Department of Medicinal Chemistry, Institute for Therapeutics Discovery and Development, University of Minnesota, Minneapolis, Minnesota 55414, United States.
Department of Neuroscience, School of Medicine, University of Minnesota, Minneapolis, Minnesota 55414, United States.
ACS Chem Neurosci. 2024 Aug 7;15(15):2703-2718. doi: 10.1021/acschemneuro.4c00062. Epub 2024 Jun 22.
Protein kinase CK2 is a holoenzyme composed of two regulatory subunits (CK2β) and two catalytic subunits (CK2α and CK2α'). CK2 controls several cellular processes, including proliferation, inflammation, and cell death. However, CK2α and CK2α' possess different expression patterns and substrates and therefore impact each of these processes differently. Elevated CK2α participates in the development of cancer, while increased CK2α' has been associated with neurodegeneration, especially Huntington's disease (HD). HD is a fatal disease for which no effective therapies are available. Genetic deletion of CK2α' in HD mouse models has ameliorated neurodegeneration. Therefore, pharmacological inhibition of CK2α' presents a promising therapeutic strategy for treating HD. However, current CK2 inhibitors are unable to discriminate between CK2α and CK2α' due to their high structural homology, especially in the targeted ATP-binding site. Using computational analyses, we found a potential type IV ("D" pocket) allosteric site that contained different residues between CK2α and CK2α' and was distal from the ATP-binding pocket featured in both kinases. We decided to look for allosteric modulators that might interact in a biased fashion with the type IV pocket on both CK2α and CK2α'. We screened a commercial library containing ∼29,000 allosteric-kinase-inhibitor-like compounds using a CK2α' activity-dependent ADP-Glo Kinase assay. Obtained hits were counter-screened against CK2α using the ADP-Glo Kinase assay, revealing two CK2α'-biased compounds. These two compounds might serve as the basis for further medicinal chemistry optimization for the potential treatment of HD.

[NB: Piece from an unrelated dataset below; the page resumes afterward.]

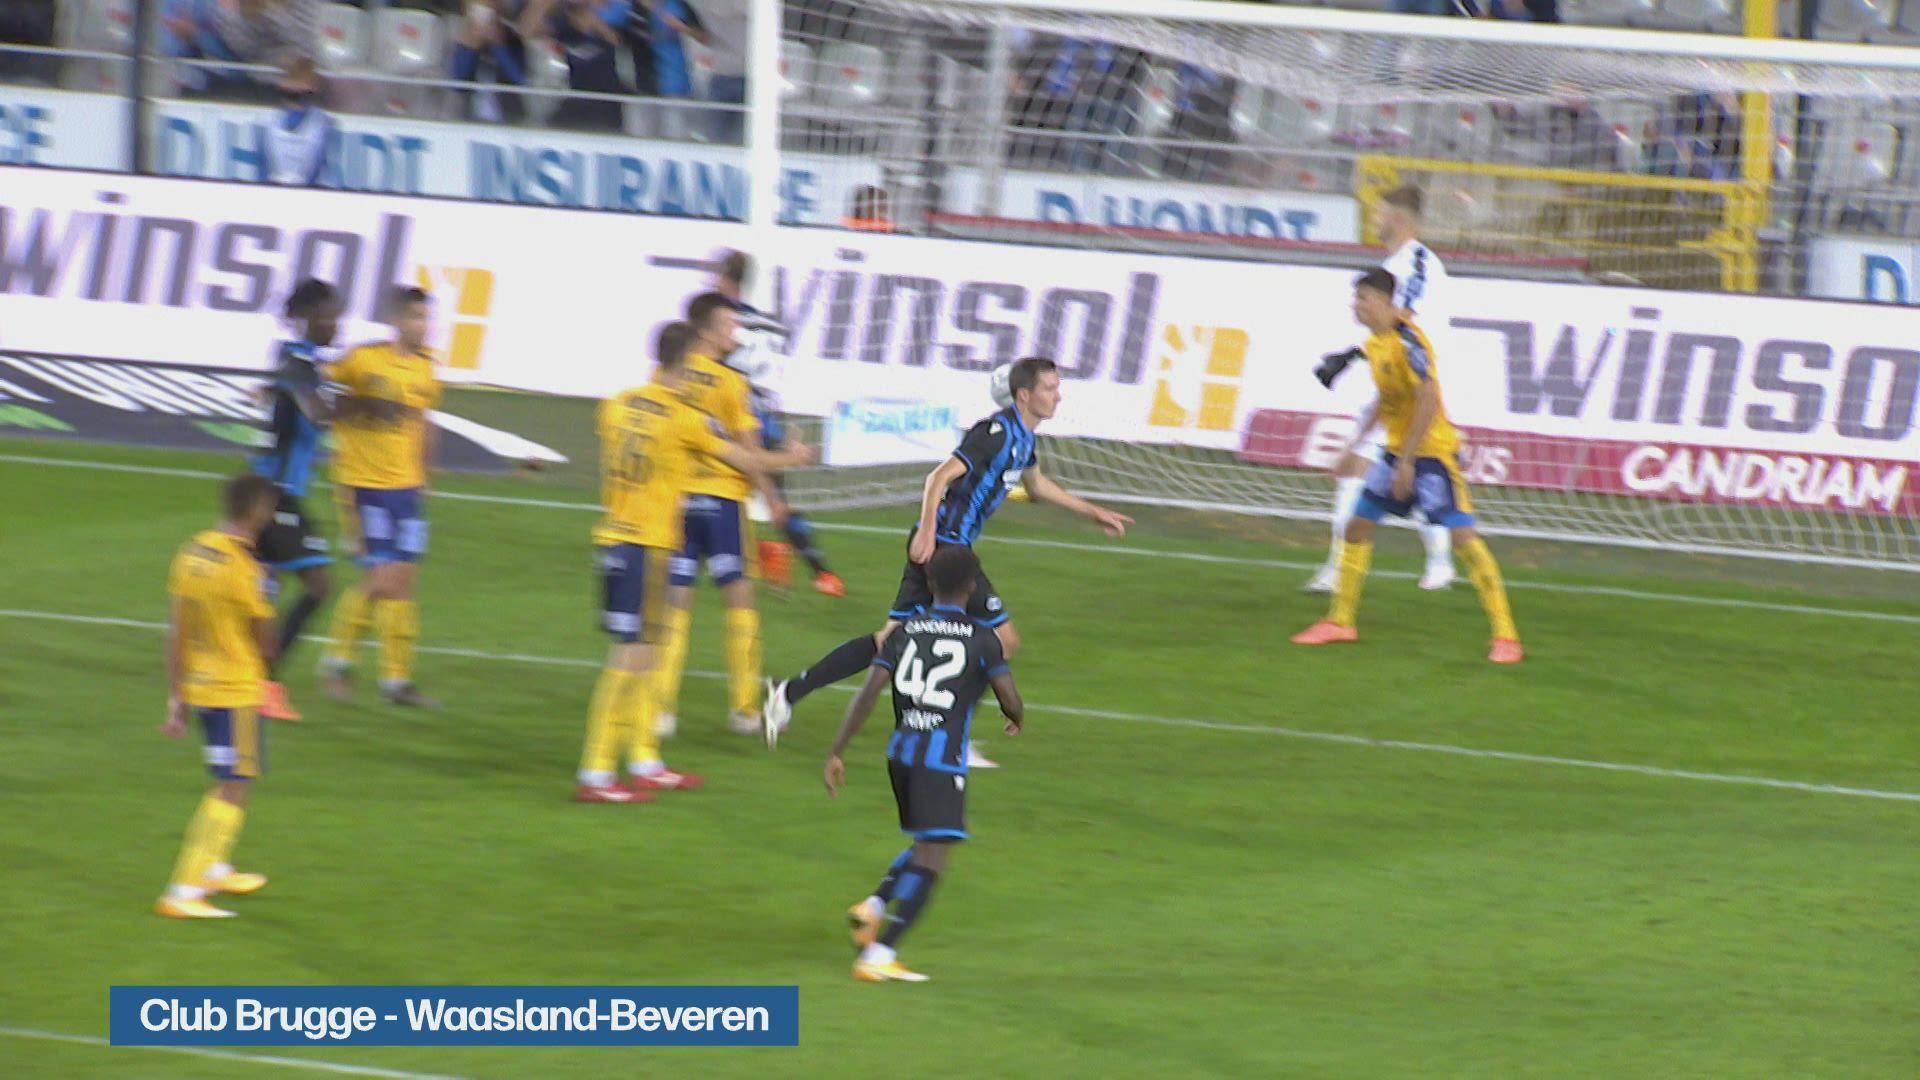 Het Journaal 13u Met O A Het Verslag Van Club Brugge Waasland Beveren En Ohl Standard Jupiler Pro League Sporza
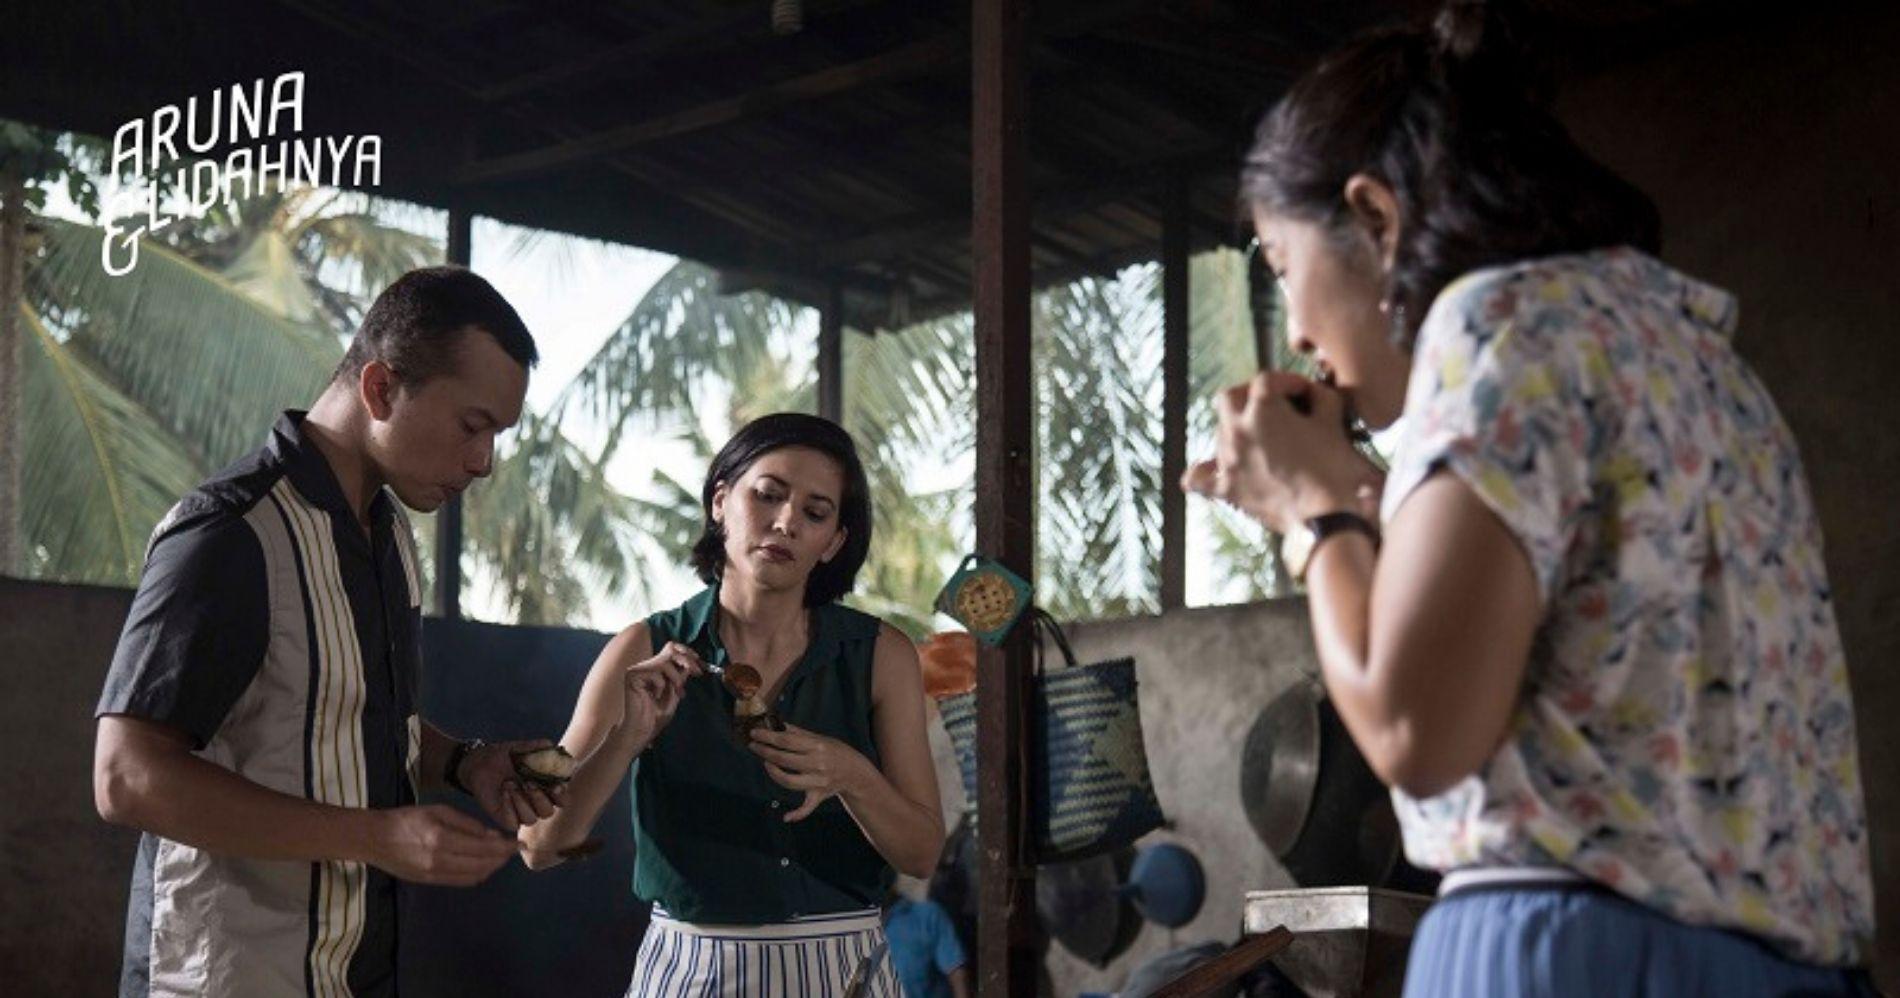 Bono, Nad, dan Aruna yang Menikmati Pengkang khas Singkawang - Image: Palari Films

蛋白激酶 CK2 是一种由两个调节亚基(CK2β)和两个催化亚基(CK2α 和 CK2α')组成的全酶。CK2 控制着多种细胞过程,包括增殖、炎症和细胞死亡。然而,CK2α 和 CK2α' 具有不同的表达模式和底物,因此对这些过程的影响也不同。升高的 CK2α 参与癌症的发生,而增加的 CK2α' 与神经退行性变有关,特别是亨廷顿病(HD)。HD 是一种致命的疾病,目前尚无有效的治疗方法。在 HD 小鼠模型中基因敲除 CK2α' 可改善神经退行性变。因此,抑制 CK2α' 的药理学方法为治疗 HD 提供了一种很有前途的治疗策略。然而,由于 CK2α 和 CK2α' 的结构高度同源,尤其是在靶向 ATP 结合位点,目前的 CK2 抑制剂无法区分它们。通过计算分析,我们发现了一个潜在的第四种(“D”口袋)变构位点,该位点在 CK2α 和 CK2α' 之间包含不同的残基,并且远离两种激酶都具有的 ATP 结合口袋。我们决定寻找可能以偏向方式与 CK2α 和 CK2α' 的第四种口袋相互作用的变构调节剂。我们使用 CK2α' 活性依赖性 ADP-Glo 激酶测定法筛选了一个包含约 29000 种变构激酶抑制剂样化合物的商业文库。获得的命中化合物使用 ADP-Glo 激酶测定法针对 CK2α 进行了再次筛选,发现了两种 CK2α' 偏向化合物。这两种化合物可能为进一步的药物化学优化提供基础,以潜在治疗 HD。